I am training a classification model, and getting nan
loss values after some time. I used torch.autograd.set_detect_anomaly(True)
to trace the error and I get this as output:
RuntimeError: Function 'ExpBackward0' returned nan values in its 0th output.
I then used the following checks for values of variables and gradients in my training routine to find out where the problem arises first:
batch_predictions = model(batch_inputs)
batch_loss = loss(batch_predictions, batch_targets)

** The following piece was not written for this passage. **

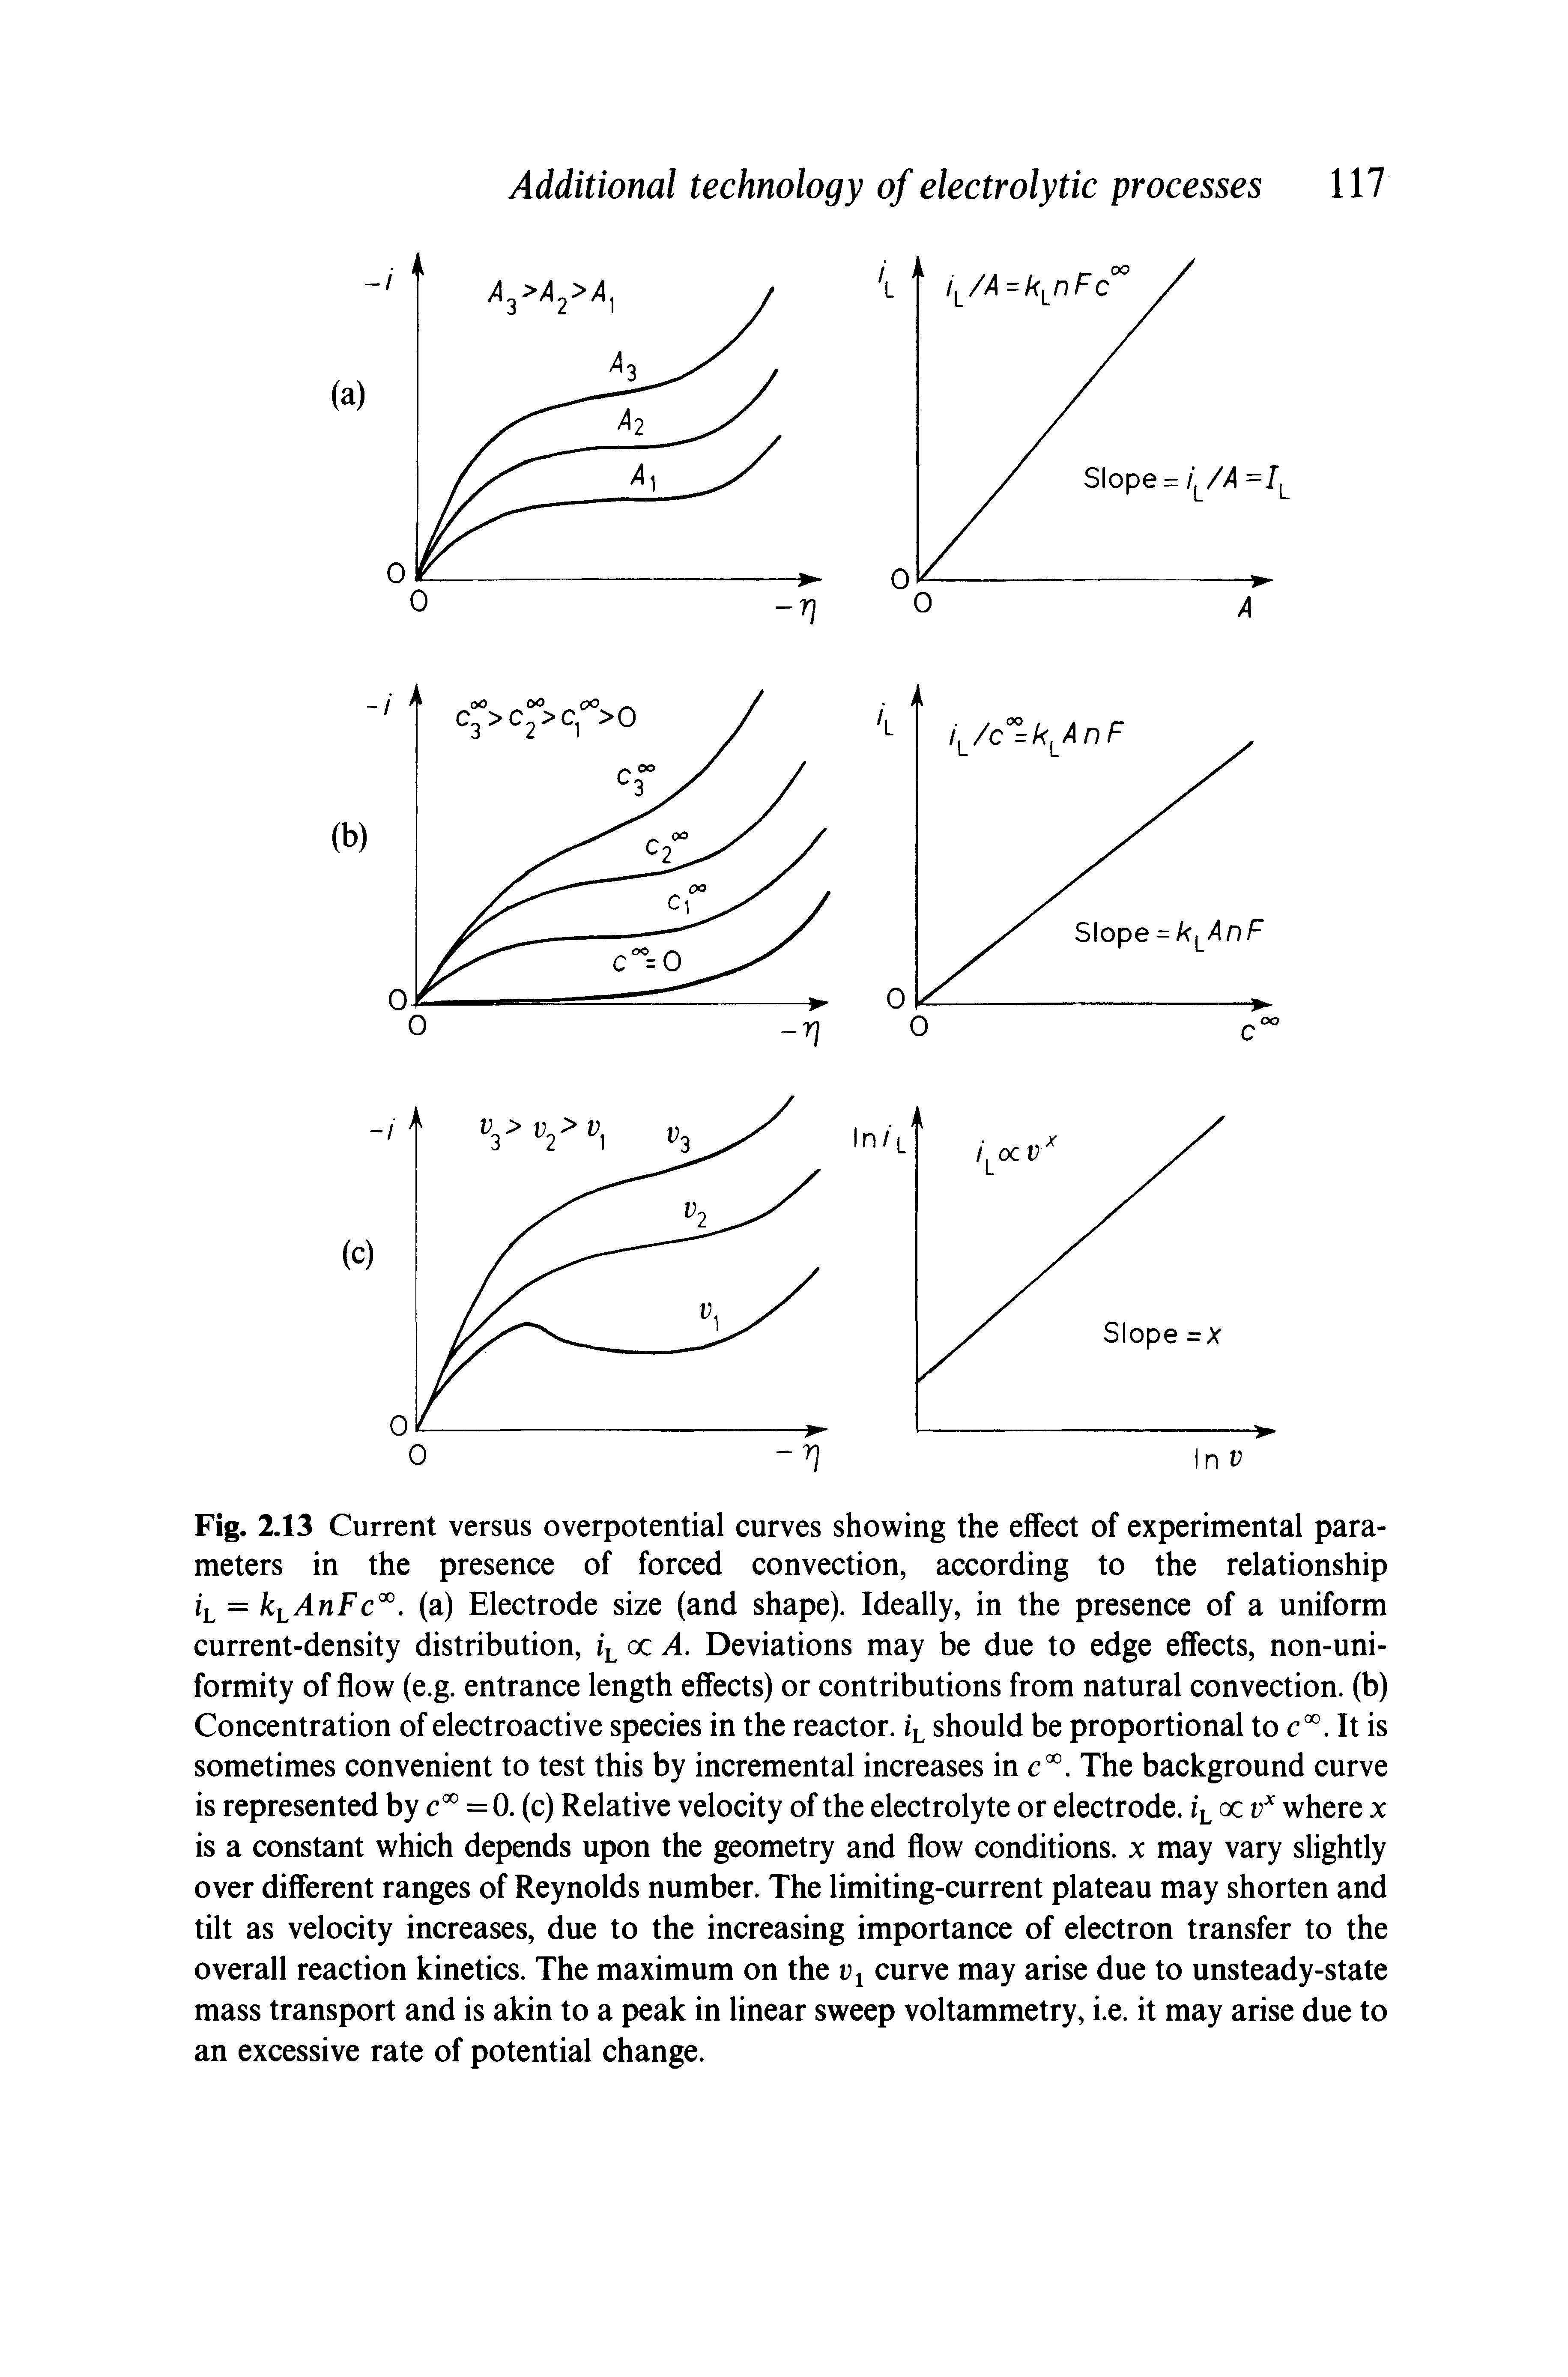 Fig. 2.13 Current versus overpotential curves showing the effect of experimental parameters in the presence of forced convection, according to the relationship = /cL lnFc. (a) Electrode size (and shape). Ideally, in the presence of a uniform current-density distribution, Deviations may be due to edge effects, non-uniformity of flow (e.g. entrance length effects) or contributions from natural convection, (b) Concentration of electroactive species in the reactor. ii should be proportional to c. It is sometimes convenient to test this by incremental increases in c . The background curve is represented by = 0. (c) Relative velocity of the electrolyte or electrode, cc where x is a constant which depends upon the geometry and flow conditions, x may vary slightly over different ranges of Reynolds number. The limiting-current plateau may shorten and tilt as velocity increases, due to the increasing importance of electron transfer to the overall reaction kinetics. The maximum on the 1 curve may arise due to unsteady-state mass transport and is akin to a peak in linear sweep voltammetry, i.e. it may arise due to an excessive rate of potential change.

if torch.isfinite(batch_predictions).all() and torch.isfinite(batch_loss.item()):
print("outputs and loss ok")
else:
print("outputs and loss not ok")
batch_loss.backward()
grads = [p.grad for p in model.parameters() if p.requires_grad is True]
for grads_ in grads:
if torch.isnan(grads_).any():
print("grads nan")
else:
print("grads ok")
optimizer.step()
After some time I get grads nan
as output, but the immediately preceding outputs and loss ok
is also printed. This means that the outputs are ok, the loss is ok but the gradient calculations with batch_loss.backward()
leads to nan
gradients being calculated. I have tried changing the optimizer and reducing the learning rate, but nothing works. I am not sure why this is happening, and how to probe further and correct this. Thanks in advance for any help.